> _ASSIGNMENT_
Word for word, restate the lines of the data below between those holding "Castelhanos turismo" and "Francfort, Allemagne,Goetheplatz. Monument", inclusive; pictures do not belong in the copy.

> _INPUT MATERIAL_
┄┄┄┄┄┄┄┄┄┄
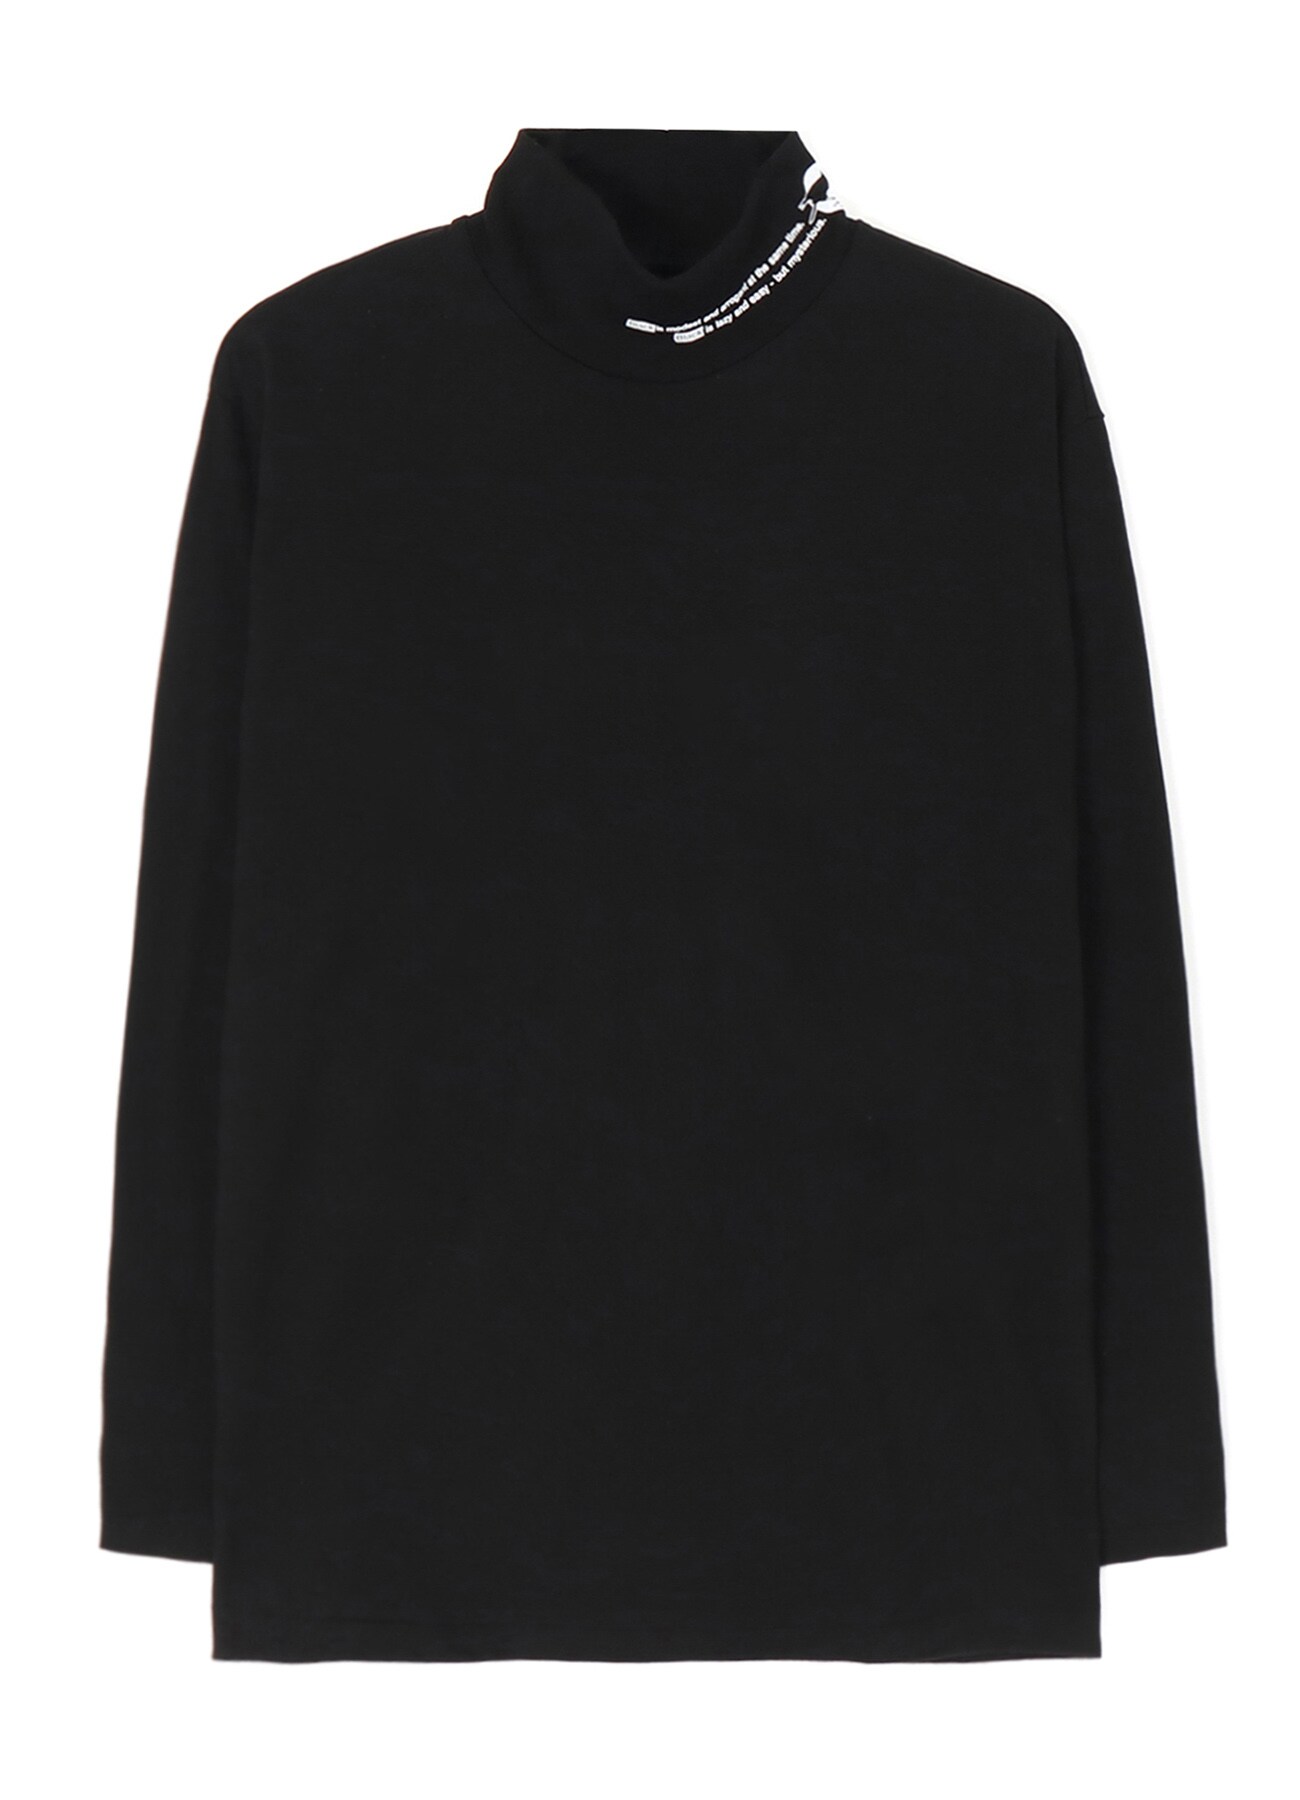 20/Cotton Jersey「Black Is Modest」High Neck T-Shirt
┄┄┄┄┄┄┄┄┄┄
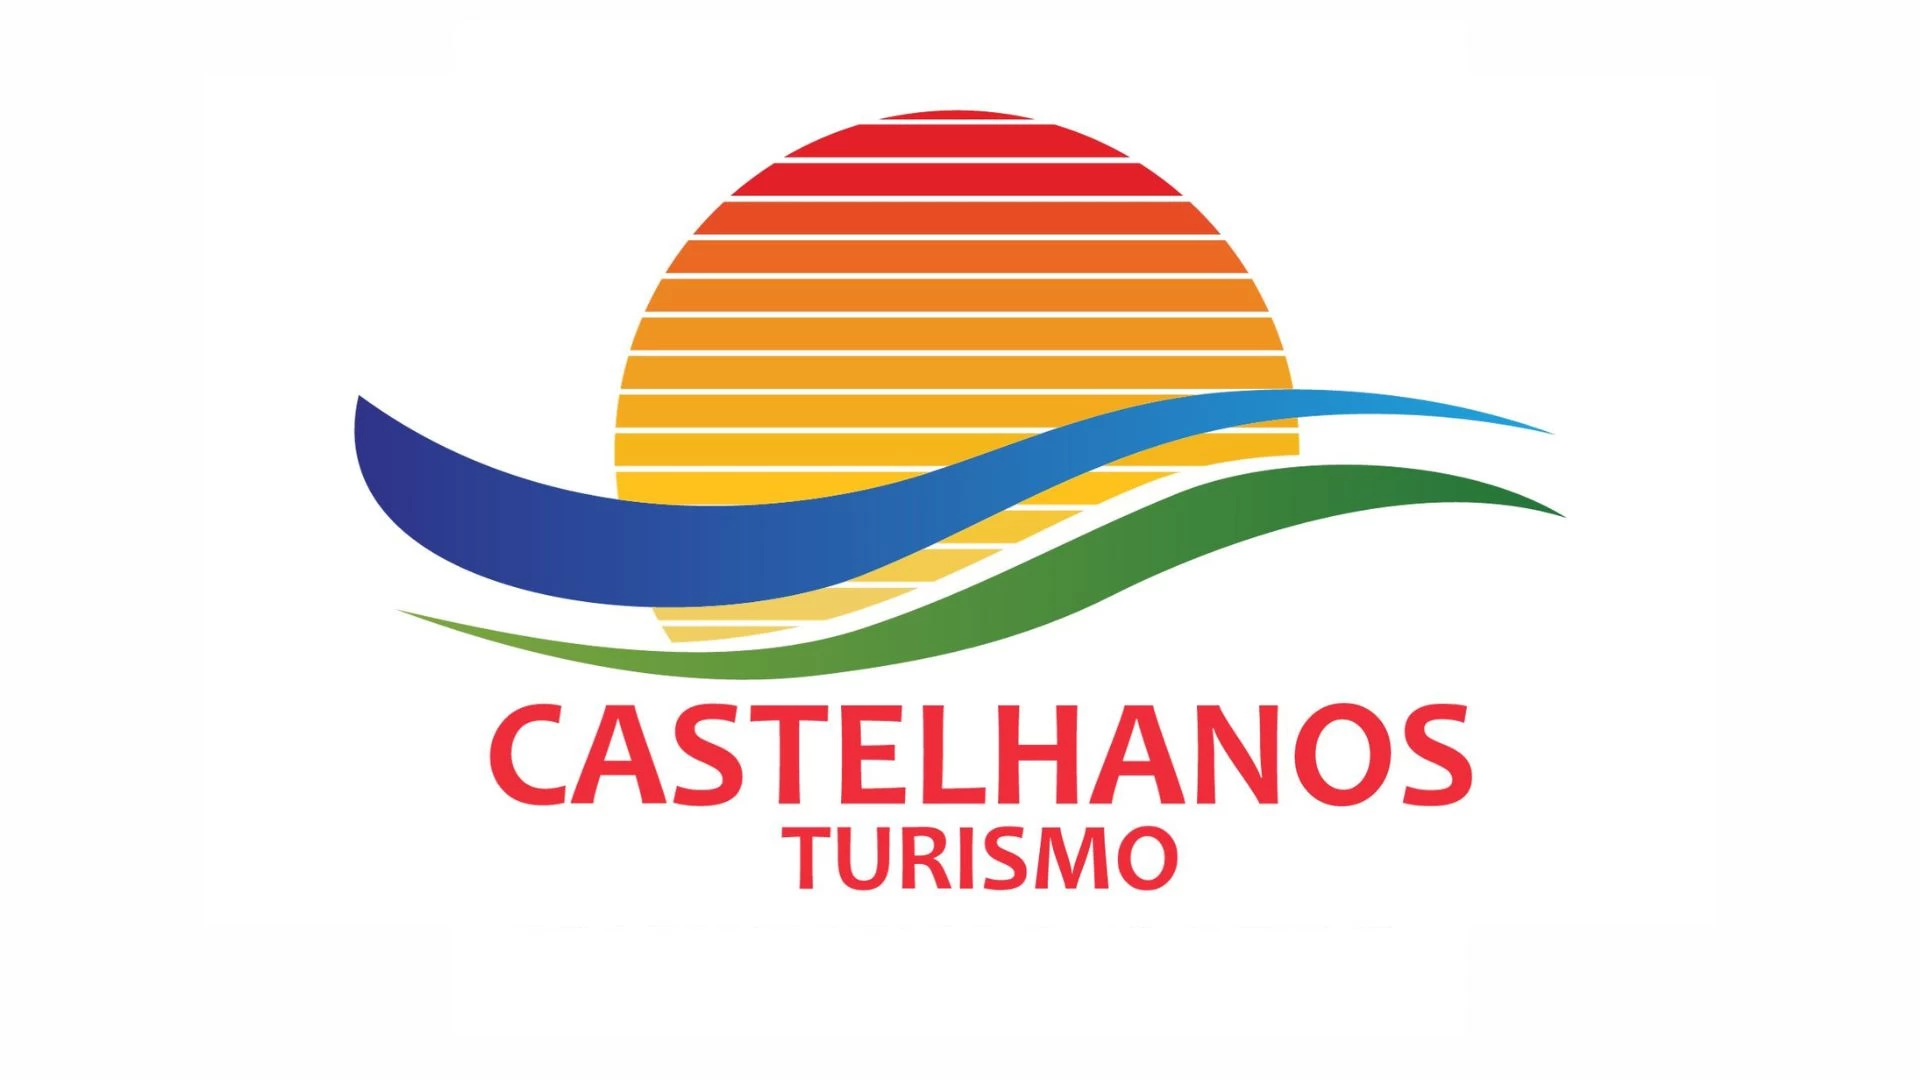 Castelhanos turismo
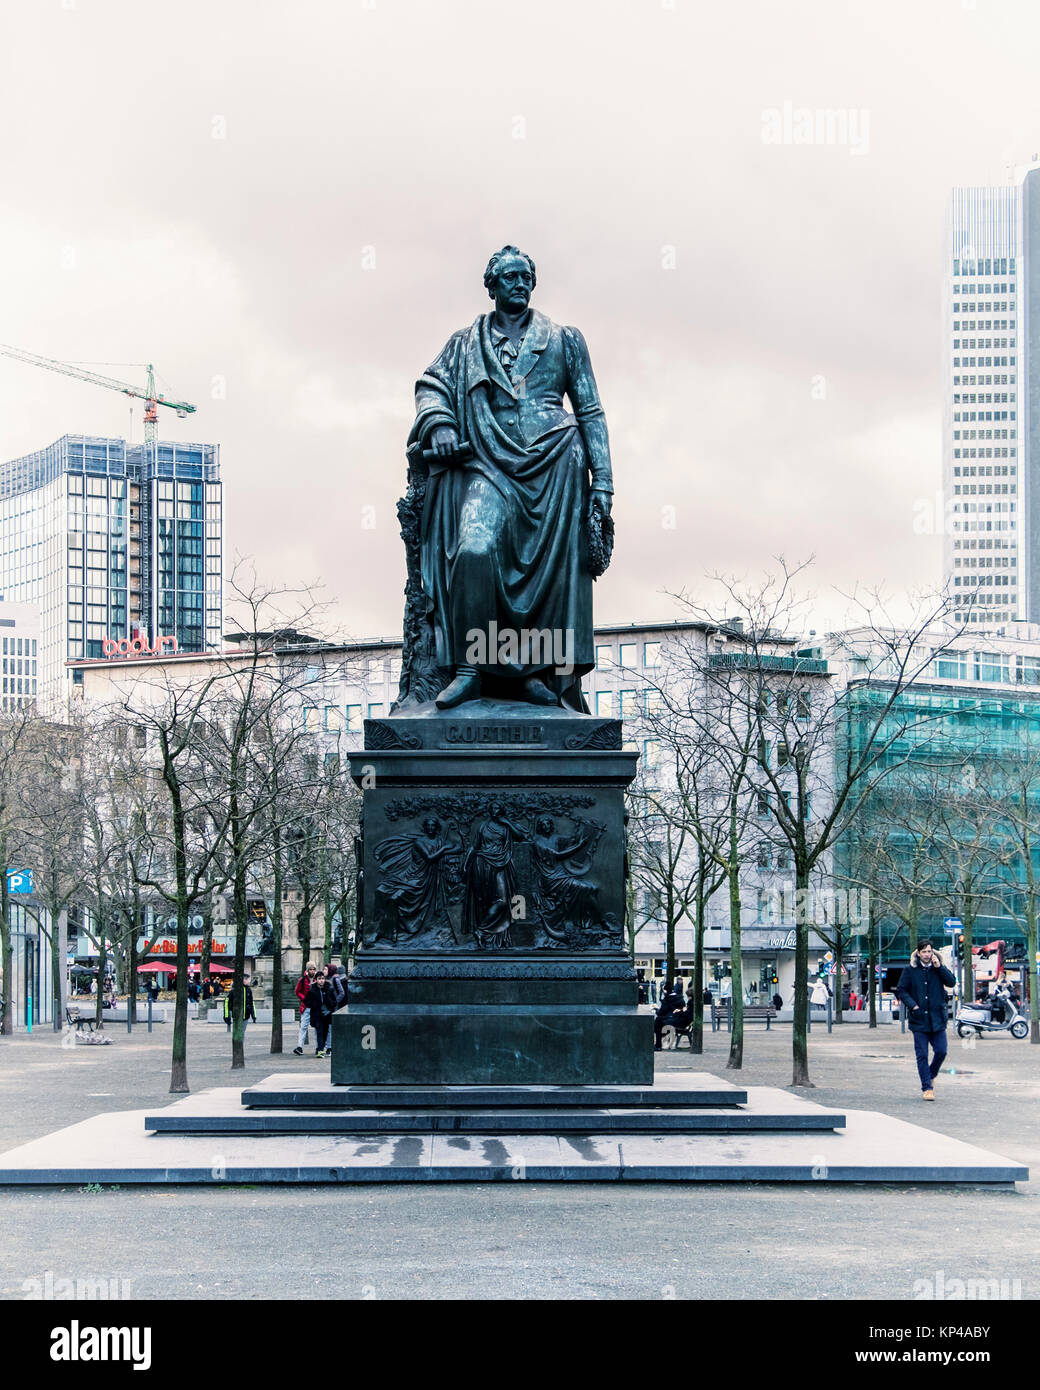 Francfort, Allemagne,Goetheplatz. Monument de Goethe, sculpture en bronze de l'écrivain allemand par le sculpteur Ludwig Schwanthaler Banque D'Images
┄┄┄┄┄┄┄┄┄┄
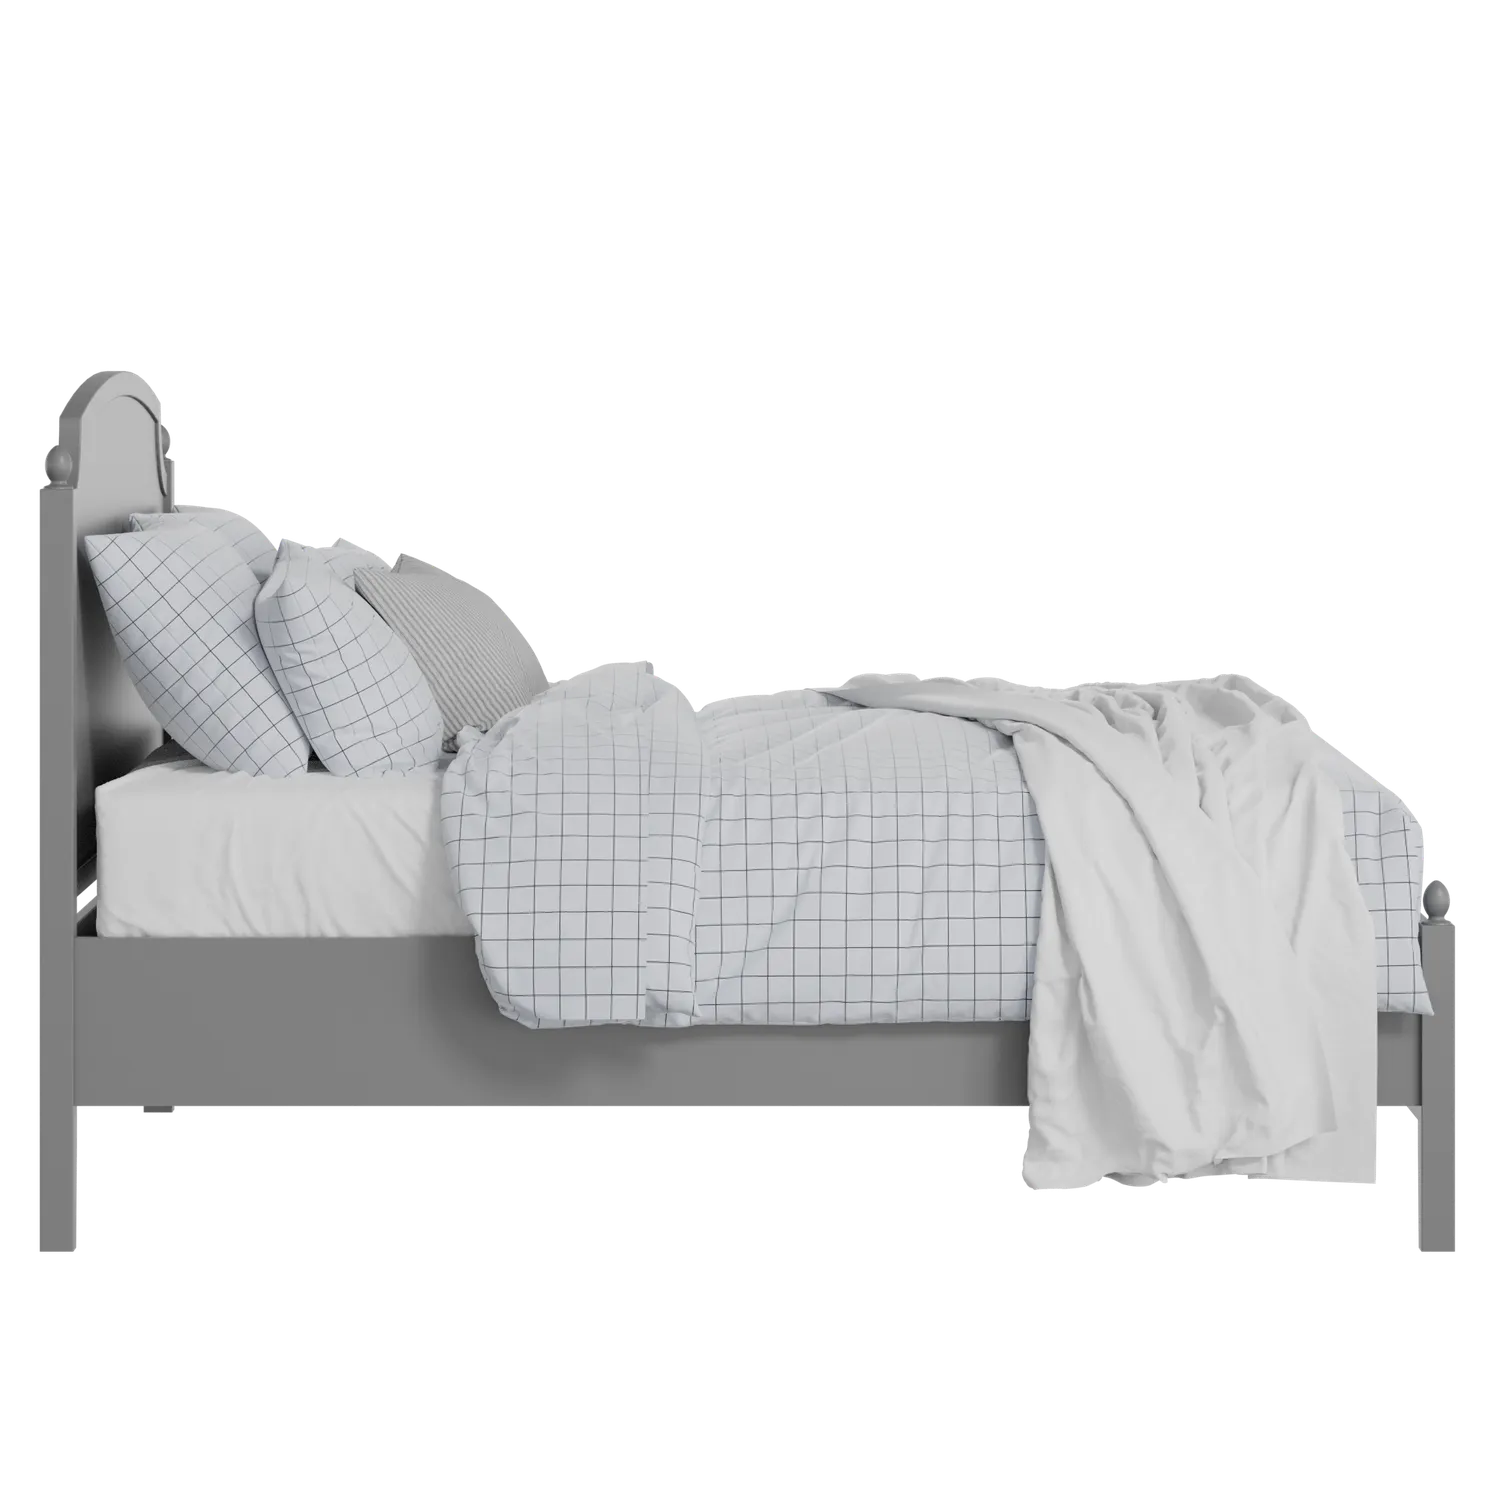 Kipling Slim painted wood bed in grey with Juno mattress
┄┄┄┄┄┄┄┄┄┄
> _TASK OUTPUT_
 Castelhanos turismo
 Francfort, Allemagne,Goetheplatz. Monument de Goethe, sculpture en bronze de l'écrivain allemand par le sculpteur Ludwig Schwanthaler Banque D'Images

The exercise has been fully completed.